Additional Information about the Merger and Where to Find It

In connection with the proposed merger of Apple REIT Six with and into BRE Select Hotels, BRE Select Hotels filed with the U.S. Securities and Exchange Commission (the “SEC”) a registration statement on Form S-4, as amended (Registration No. 333-186090) that contains a proxy statement/prospectus. The registration statement on Form S-4, as amended, was declared effective by the SEC on March 29, 2013, and Apple REIT Six mailed the proxy statement/prospectus to its shareholders on or about April 5, 2013. BEFORE MAKING ANY VOTING OR INVESTMENT DECISIONS, INVESTORS AND SECURITY HOLDERS OF APPLE REIT SIX ARE URGED TO READ THE PROXY STATEMENT/PROSPECTUS (INCLUDING ALL AMENDMENTS AND SUPPLEMENTS THERETO) AND OTHER RELEVANT DOCUMENTS FILED WITH THE SEC BECAUSE THEY CONTAIN IMPORTANT INFORMATION ABOUT APPLE REIT SIX, BRE SELECT HOTELS AND THE MERGER. The proxy statement/prospectus and other materials containing information about the proposed transaction, and any other documents filed by Apple REIT Six and BRE Select Hotels with the SEC, may be obtained free of charge at the SEC’s web site at www.sec.gov.
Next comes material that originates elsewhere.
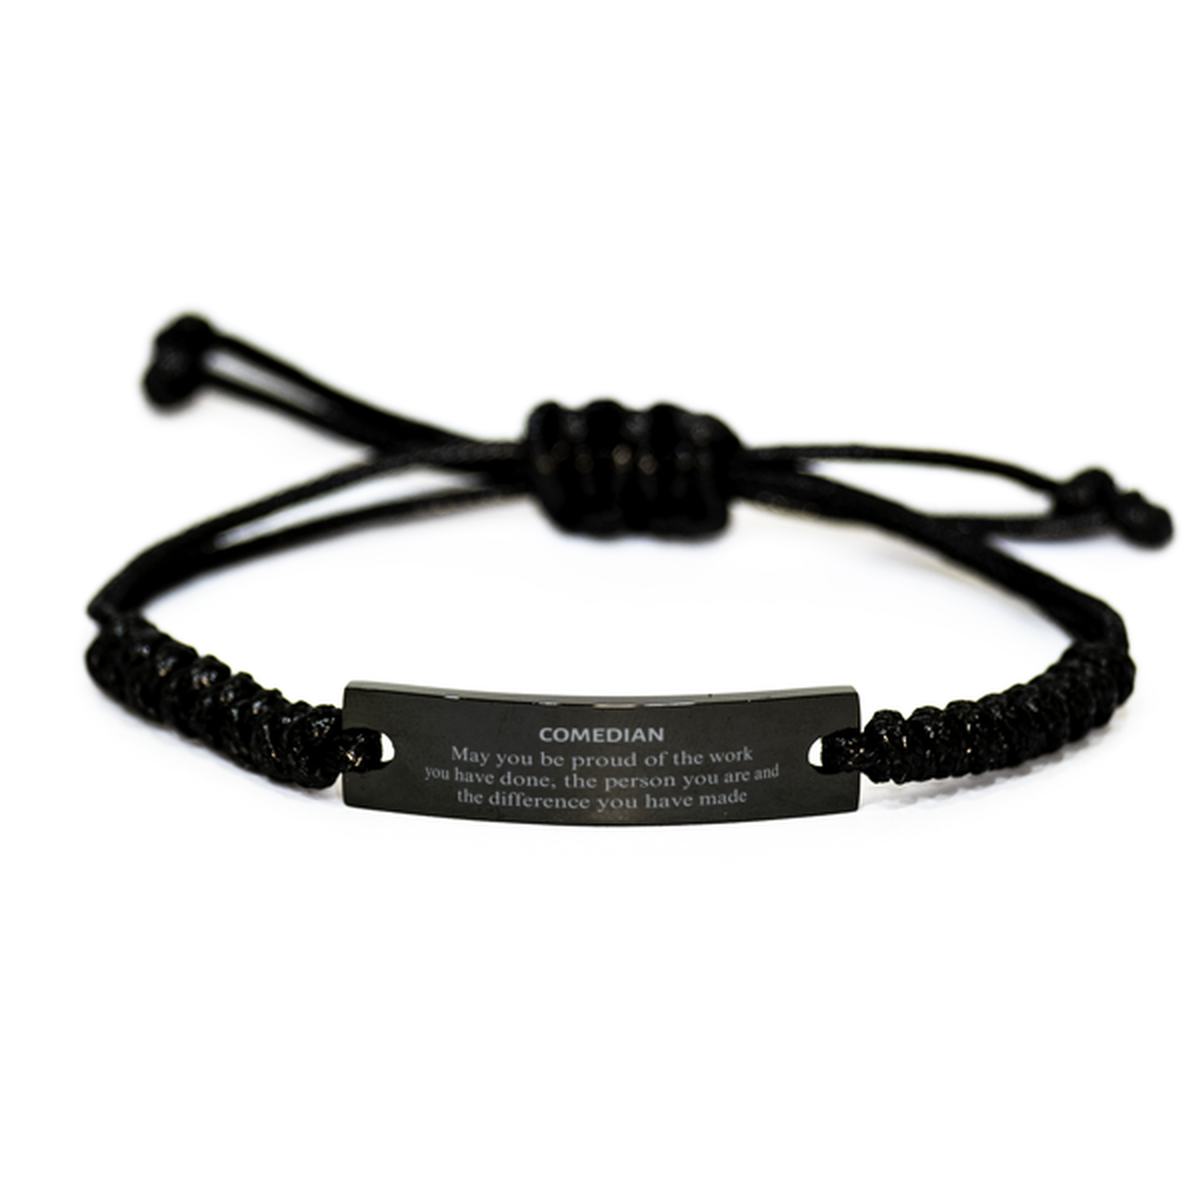 Comedian May you be proud of the work you have done, Retirement Comedian Black Rope Bracelet for Colleague Appreciation Gifts Amazing for Comedian
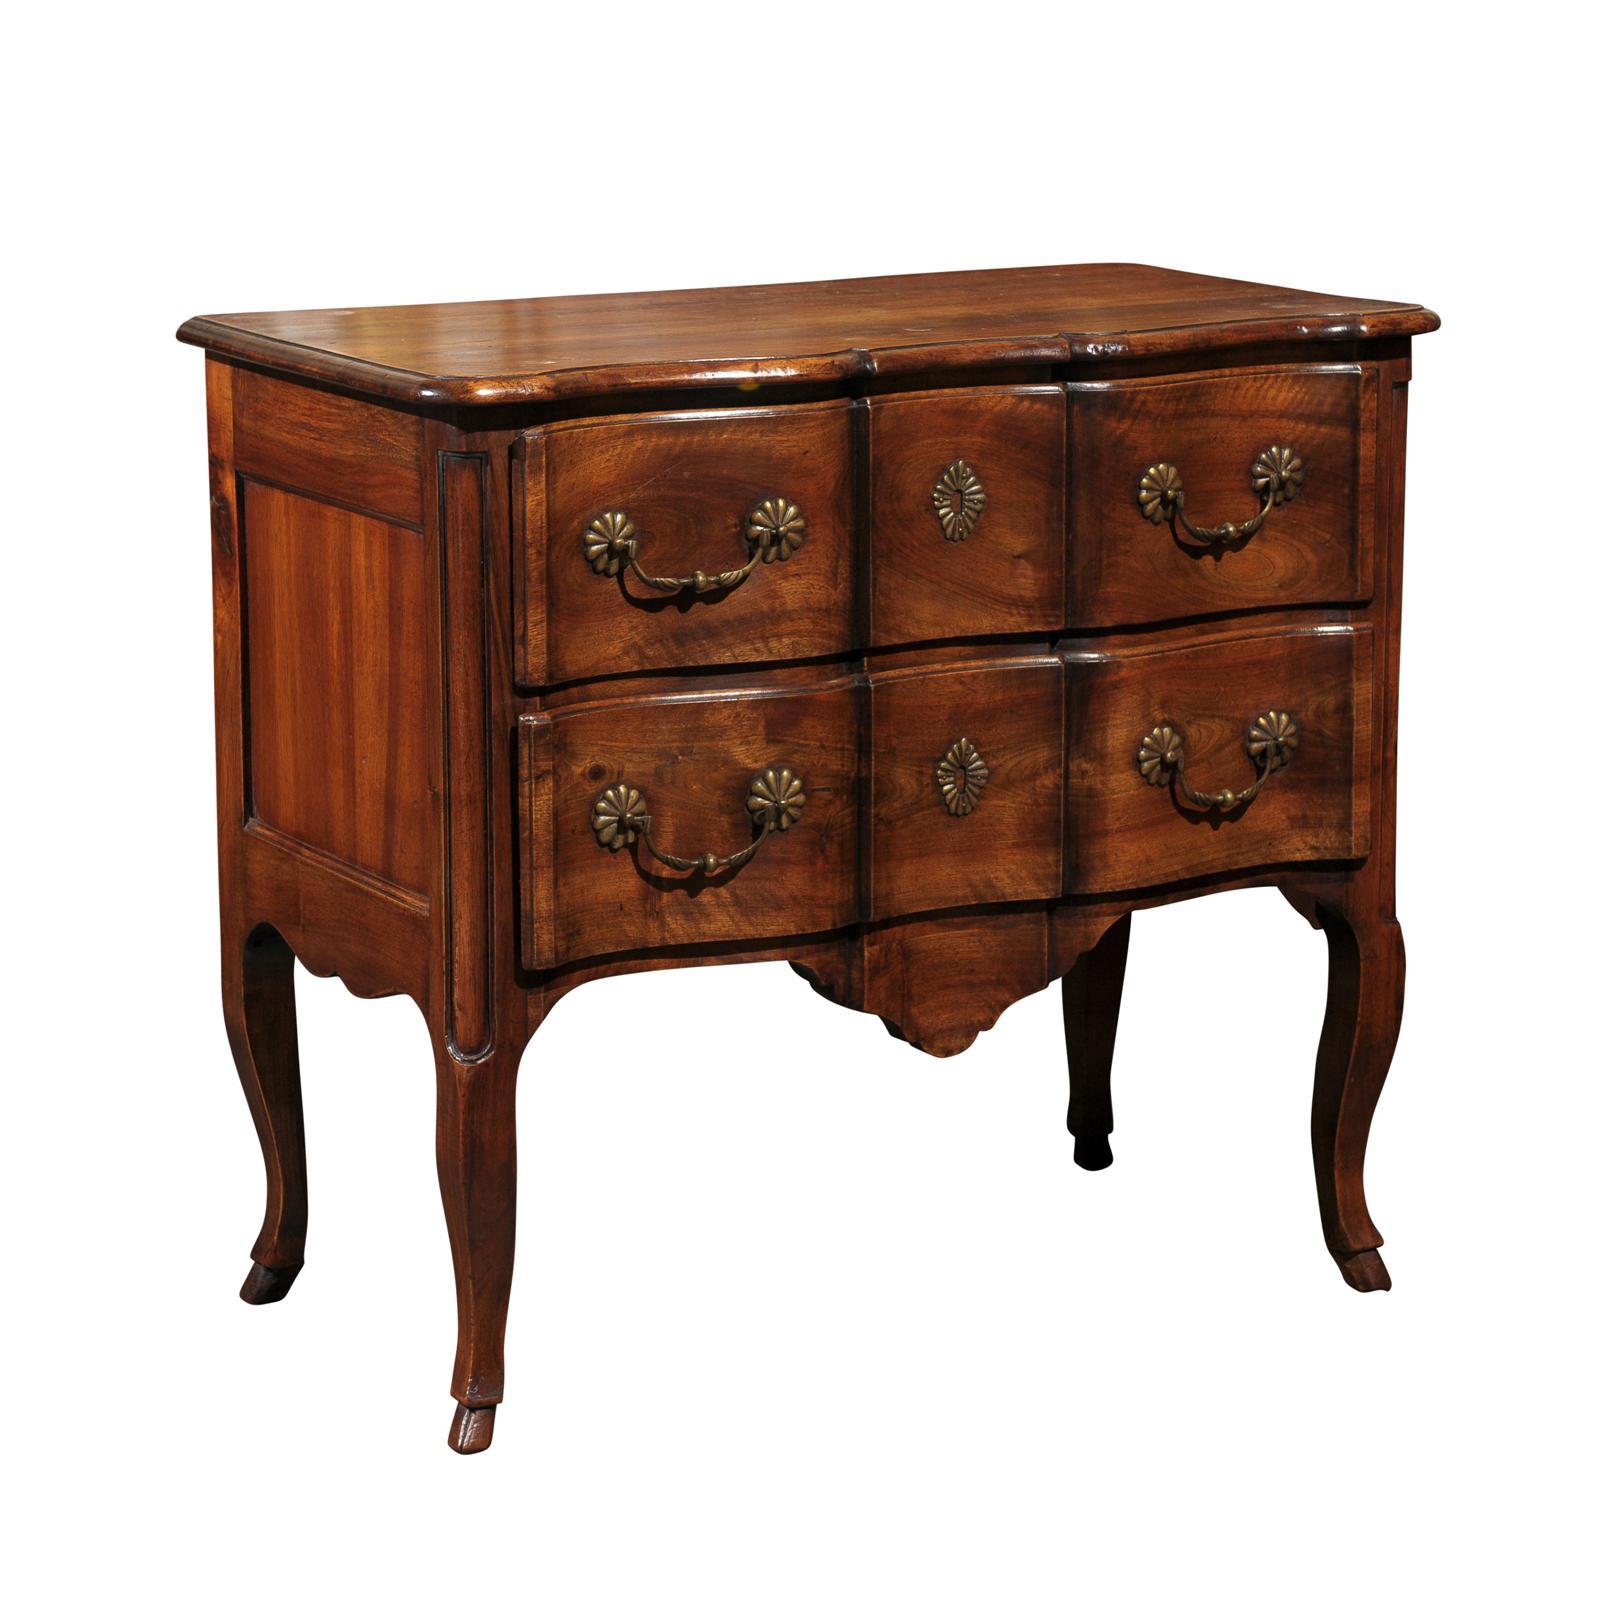 French 1840s Serpentine Two-Drawer Commode with Cabriole Legs and Carved Skirt

In addition, investors and security holders may obtain free copies of the documents filed with the SEC by Apple REIT Six by directing a written request to Apple REIT Six, Inc., 814 East Main Street, Richmond, Virginia 23219, Attention: Investor Relations.

 

Apple REIT Six and its executive officers and directors may be deemed to be participants in the solicitation of proxies from the security holders of Apple REIT Six in connection with the merger. Information about those executive officers and directors of Apple REIT Six and their ownership of Apple REIT Six securities is set forth in the proxy statement/prospectus filed by Apple REIT Six with the SEC on April 2, 2013. Investors and security holders may obtain additional information regarding the direct and indirect interests of Apple REIT Six and its executive officers and directors in the merger by reading the proxy statement/prospectus regarding the merger.

 

This communication shall not constitute an offer to sell or the solicitation of an offer to sell or the solicitation of an offer to buy any securities, nor shall there be any sale of securities in any jurisdiction in which such offer, solicitation or sale would be unlawful prior to registration or qualification under the securities laws of any such jurisdiction. No offering of securities shall be made except by means of a prospectus meeting the requirements of Section 10 of the Securities Act of 1933, as amended.